General Motors on Thursday made major announcements concerning its operations in India and South Africa.
The automaker confirmed that it will cease sales in India by the end of 2017, though it will still continue to manufacture cars there for export.
Stefan Jacoby, who heads GM’s unit for emerging markets, said the increased investment required for a full product portfolio in India would not deliver sufficient market share and profitability in the long run.
As for South Africa, GM will sell its share in a commercial vehicle plant to Isuzu. It will also cease sales of its Chevrolet brand in South Africa by the end of 2017.
Jacoby said the required investment to maintain manufacturing in South Africa could deliver better returns if invested elsewhere.
As a result of these actions, GM expects to realize annual savings of approximately $100 million and plans to take a charge of approximately $500 million in the second quarter of 2017.
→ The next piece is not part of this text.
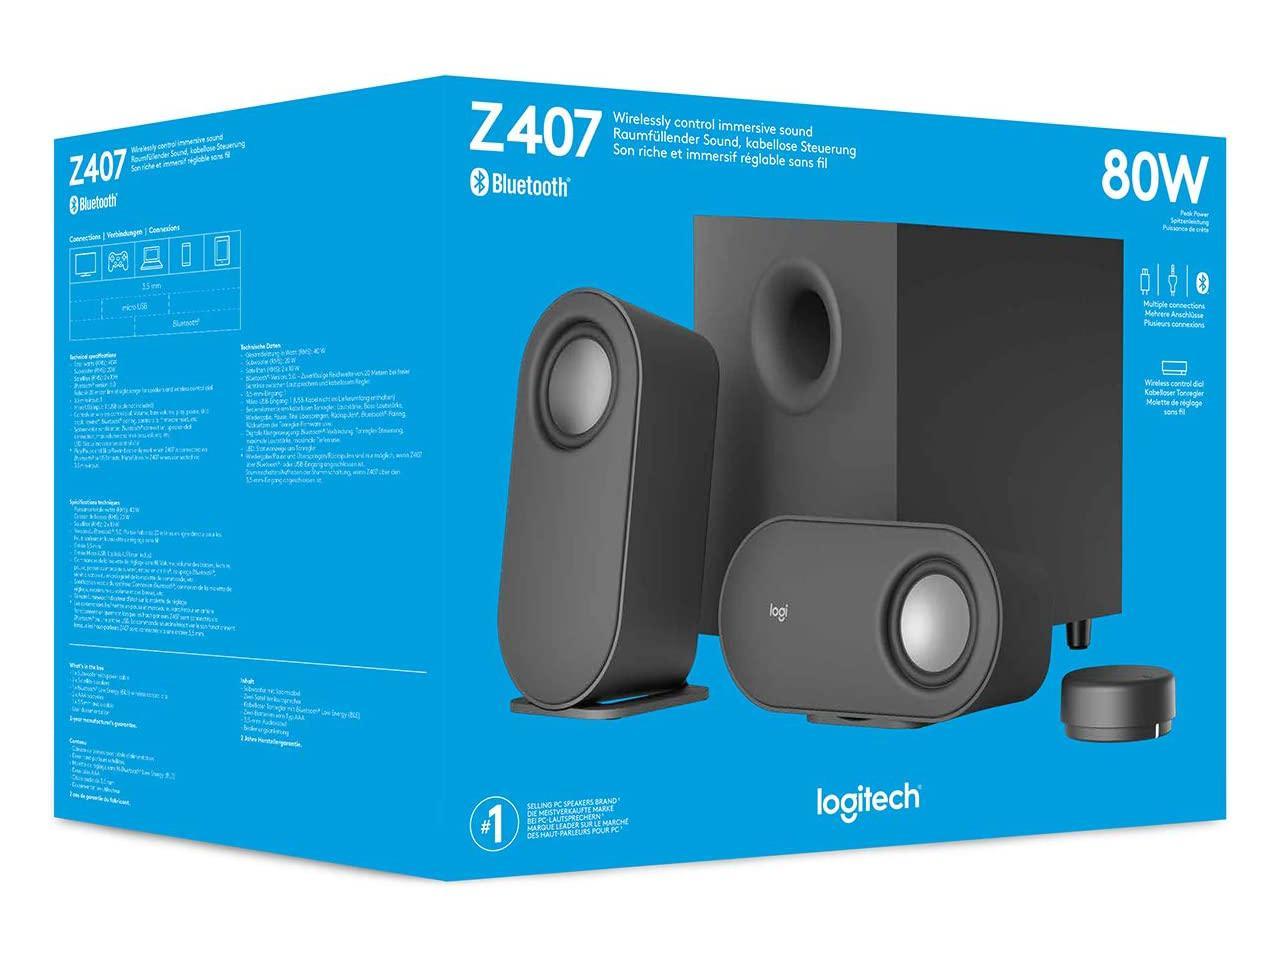 Logitech Z407 Bluetooth Computer Speakers with Subwoofer and Wireless Control, Immersive Sound, Premium Audio with Multiple USB -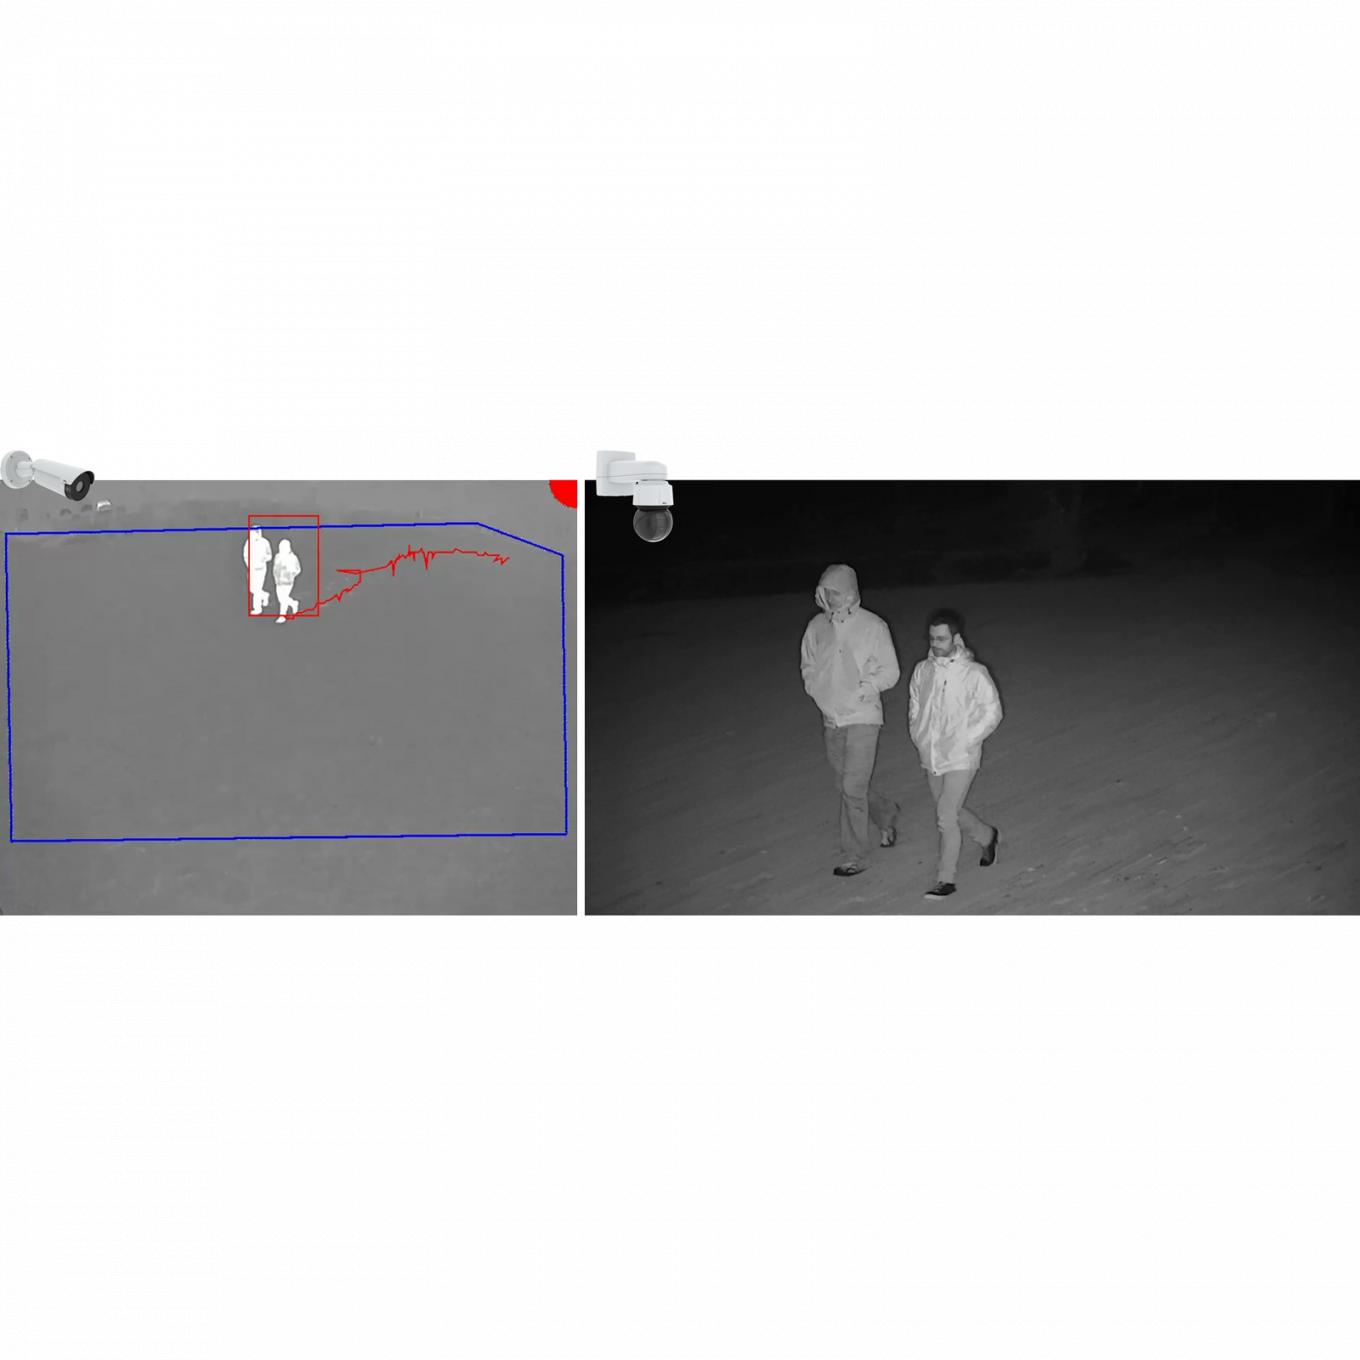 AXIS Perimeter Defender PTZ Autotracking, black and white photo of two men walking

Since about 2013, GM has been reviewing its global operations in an effort to focus cash and engineering effort on fewer, more profitable markets. Since then, we’ve seen GM pull Chevrolet out of Europe, sell Opel to France’s PSA Group, and announce the end of manufacturing in Australia.
The news comes a day after Ford announced plans to cut 10 percent of its salaried workforce in North America and Asia in an effort to reduce costs amid a slumping share price.